Your assignment
From the listing below, reproduce exactly the lines starting with the one with "The GOW Ragnarok" and going on through the one with "Personnel of an", both ends kept. No picture is copied.

Listed entries
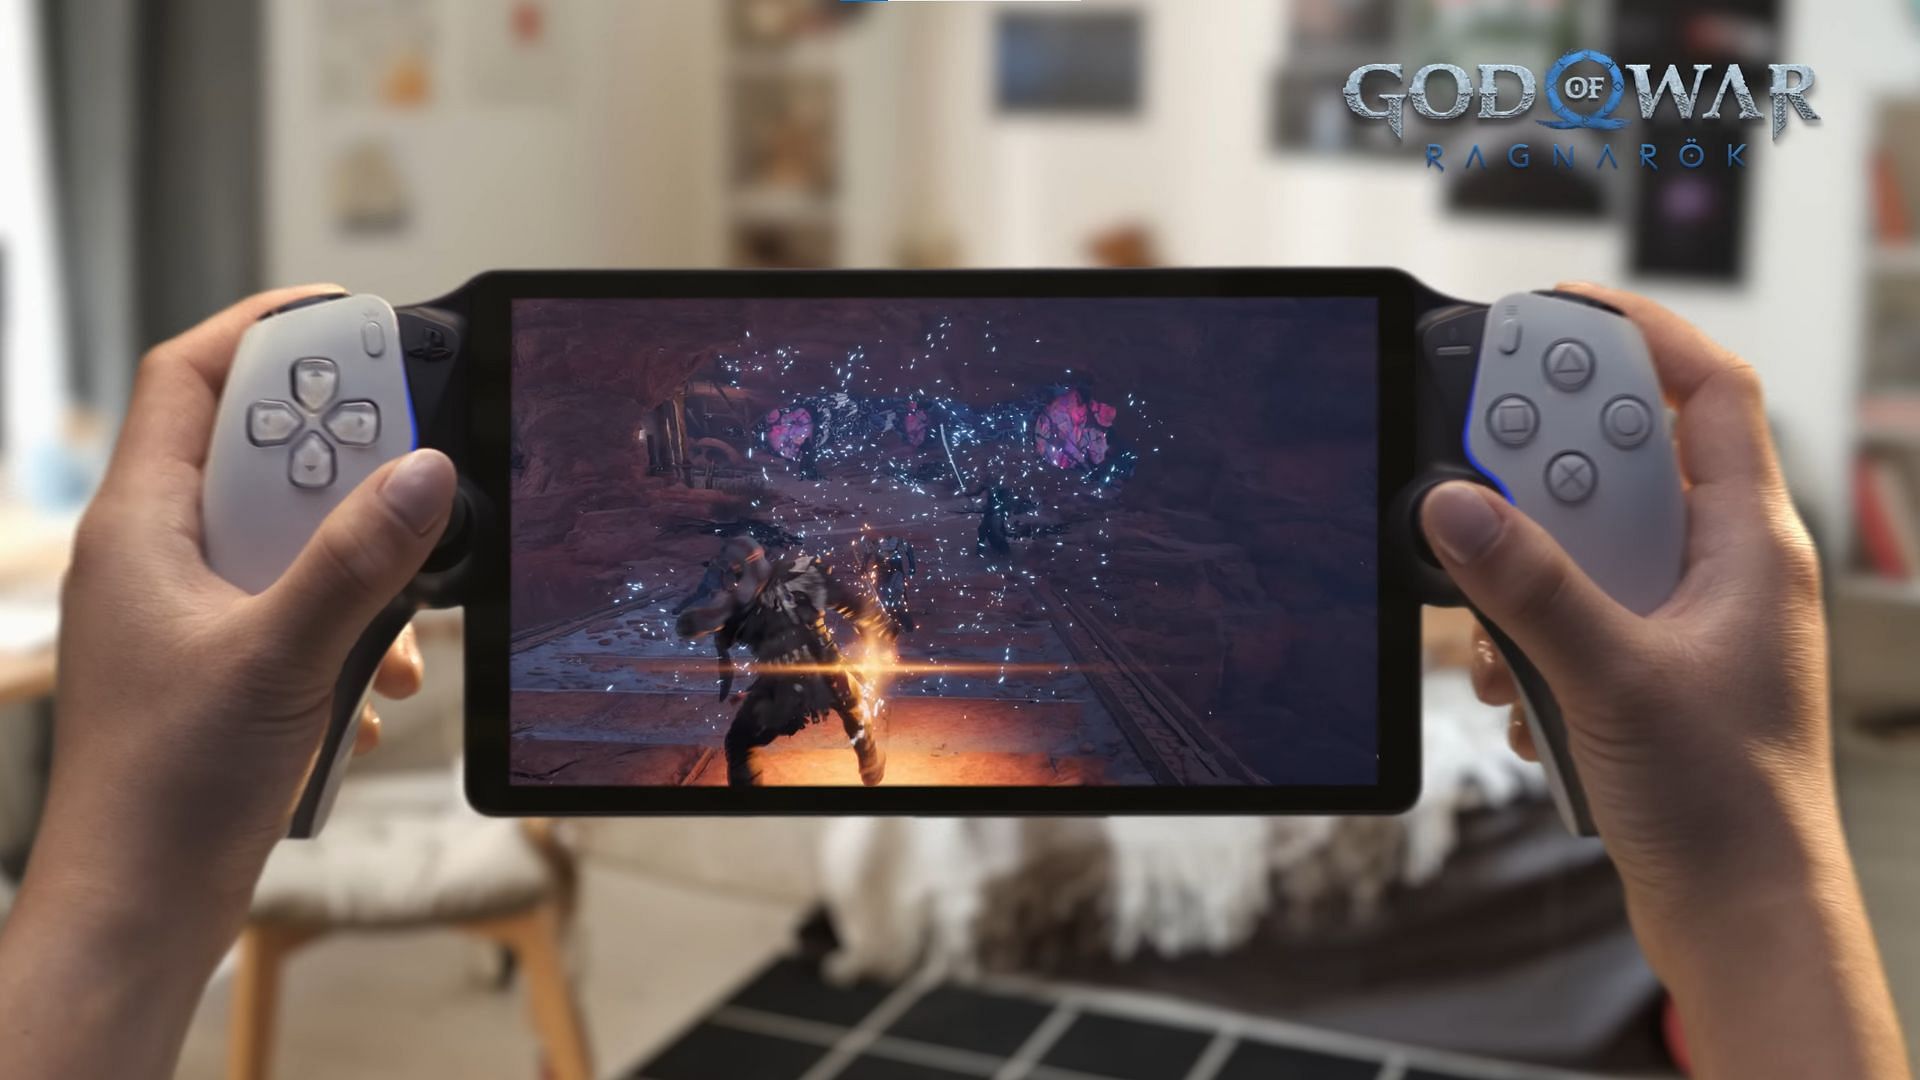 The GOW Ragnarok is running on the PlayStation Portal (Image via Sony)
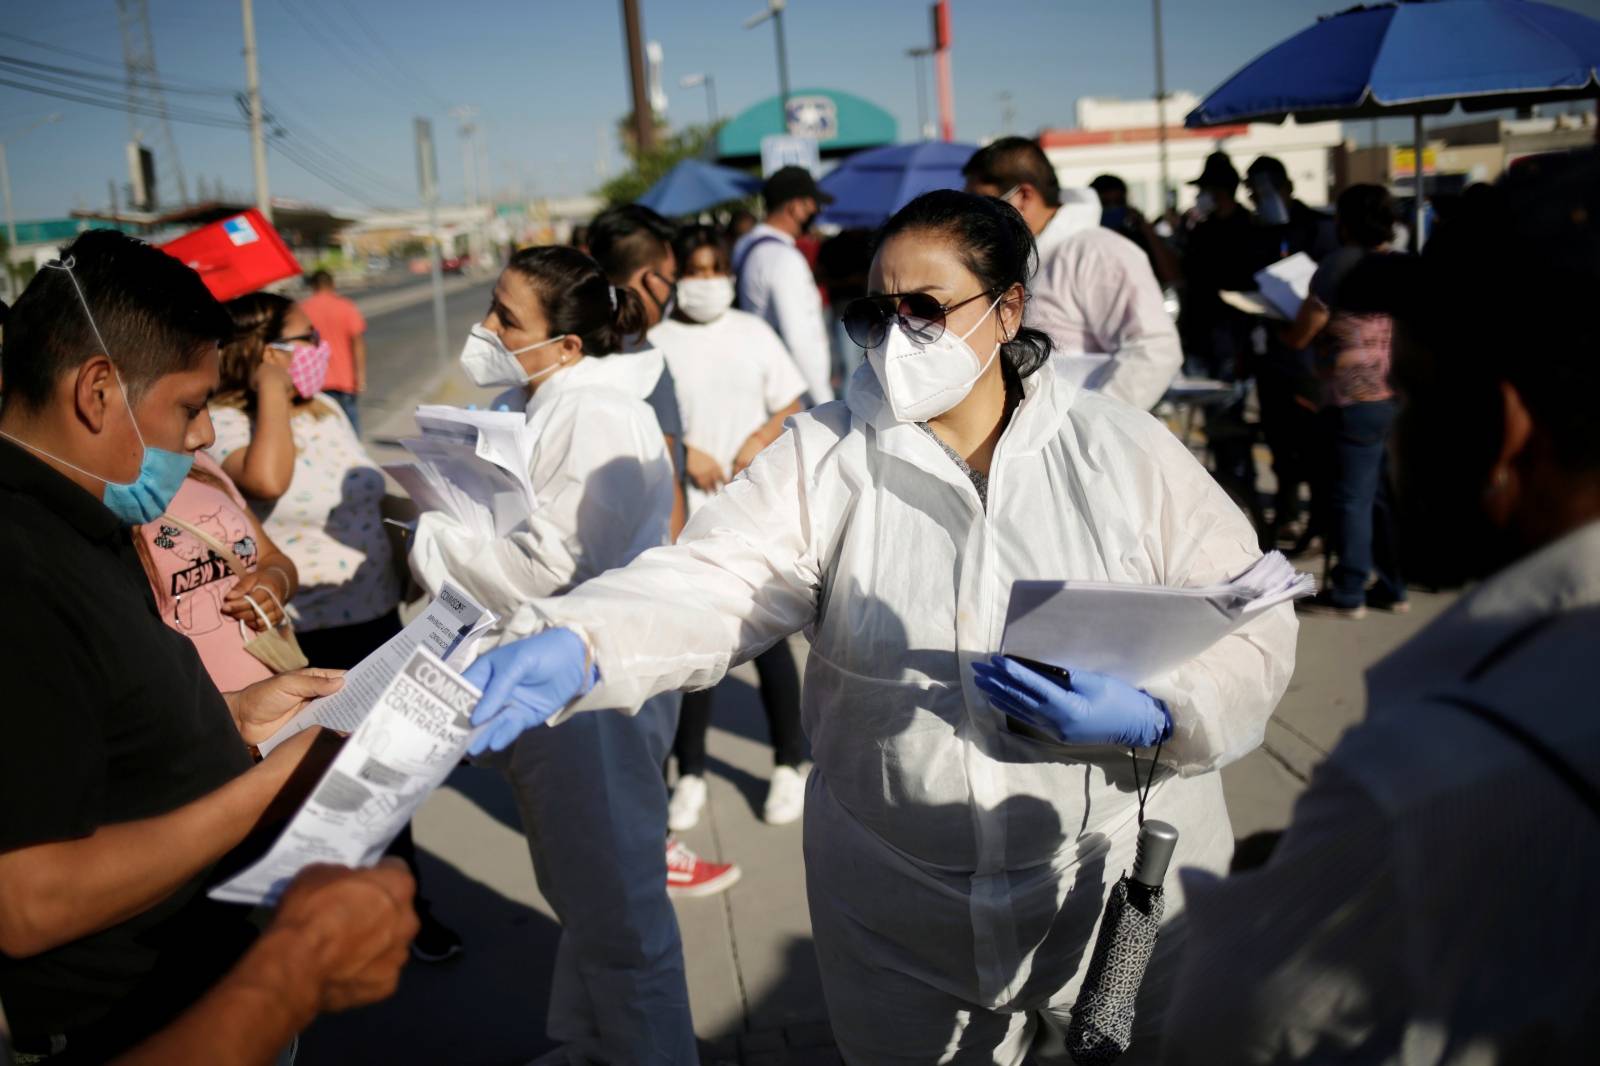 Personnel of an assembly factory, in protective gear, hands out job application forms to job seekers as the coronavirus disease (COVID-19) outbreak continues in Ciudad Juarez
* * *
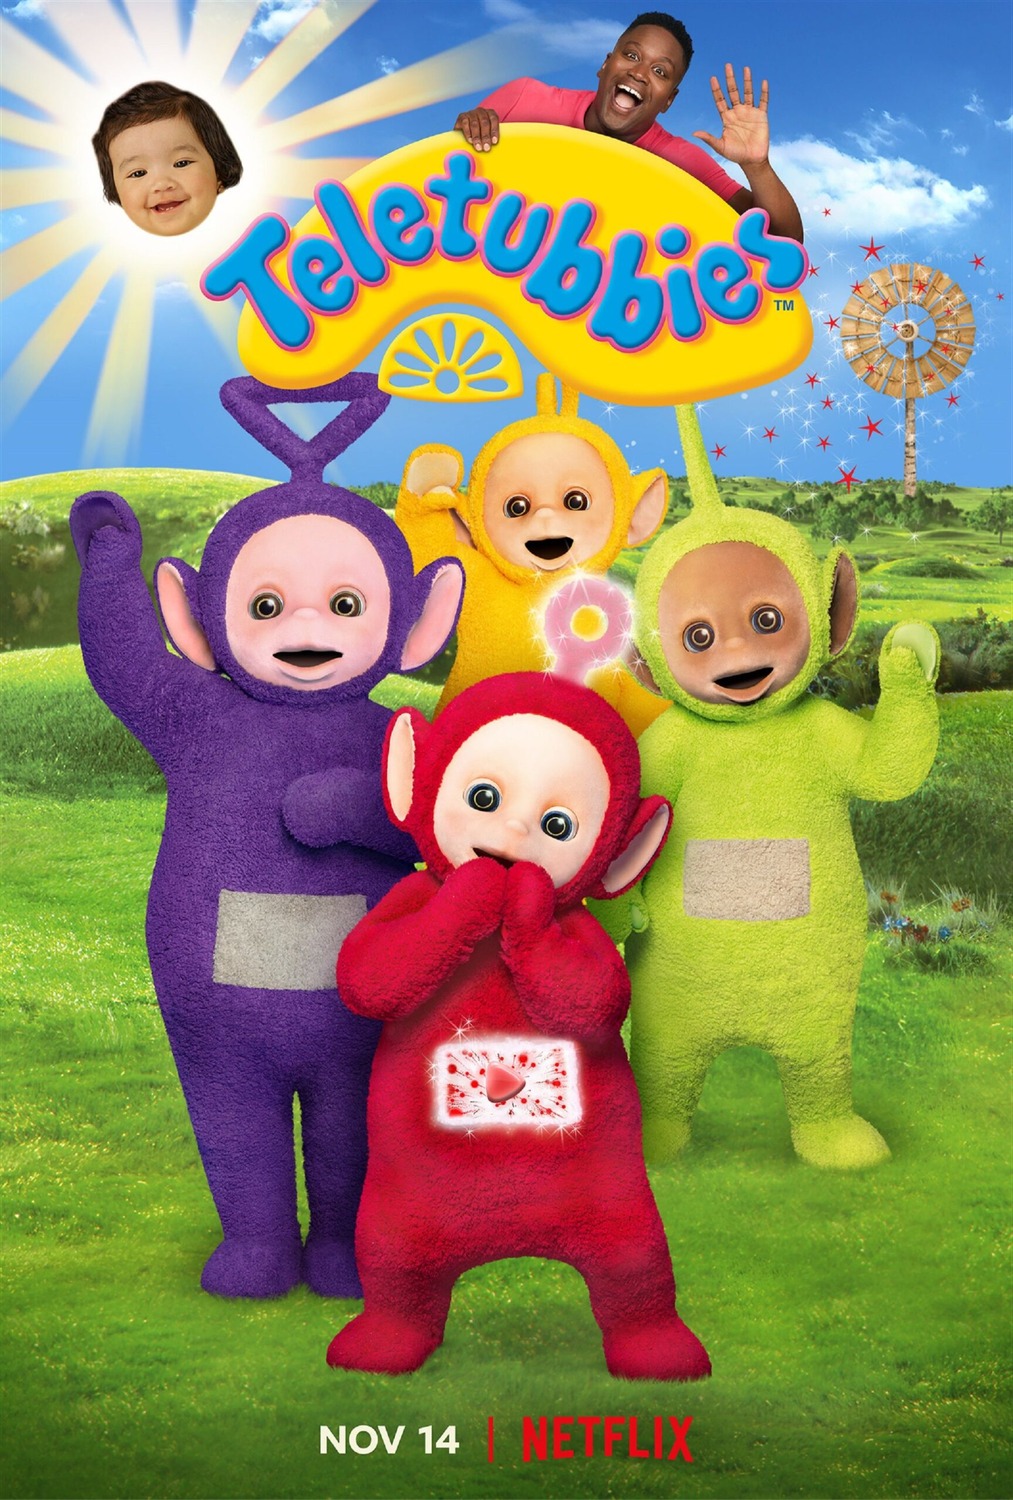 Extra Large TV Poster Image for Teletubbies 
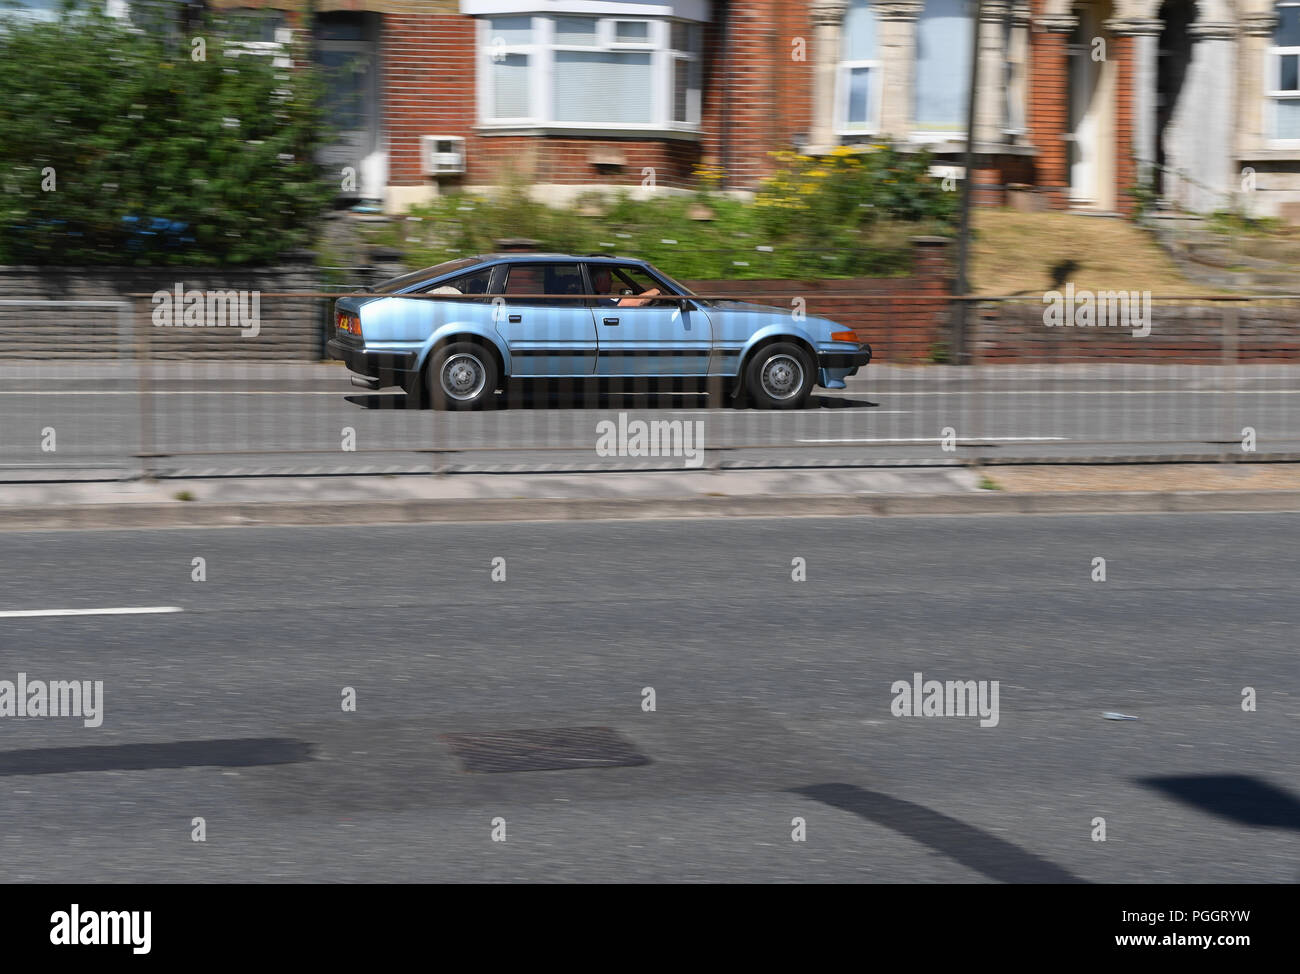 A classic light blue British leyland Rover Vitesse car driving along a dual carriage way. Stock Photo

Task result
 The GOW Ragnarok is running on the PlayStation Portal (Image via Sony)
 Personnel of an assembly factory, in protective gear, hands out job application forms to job seekers as the coronavirus disease (COVID-19) outbreak continues in Ciudad Juarez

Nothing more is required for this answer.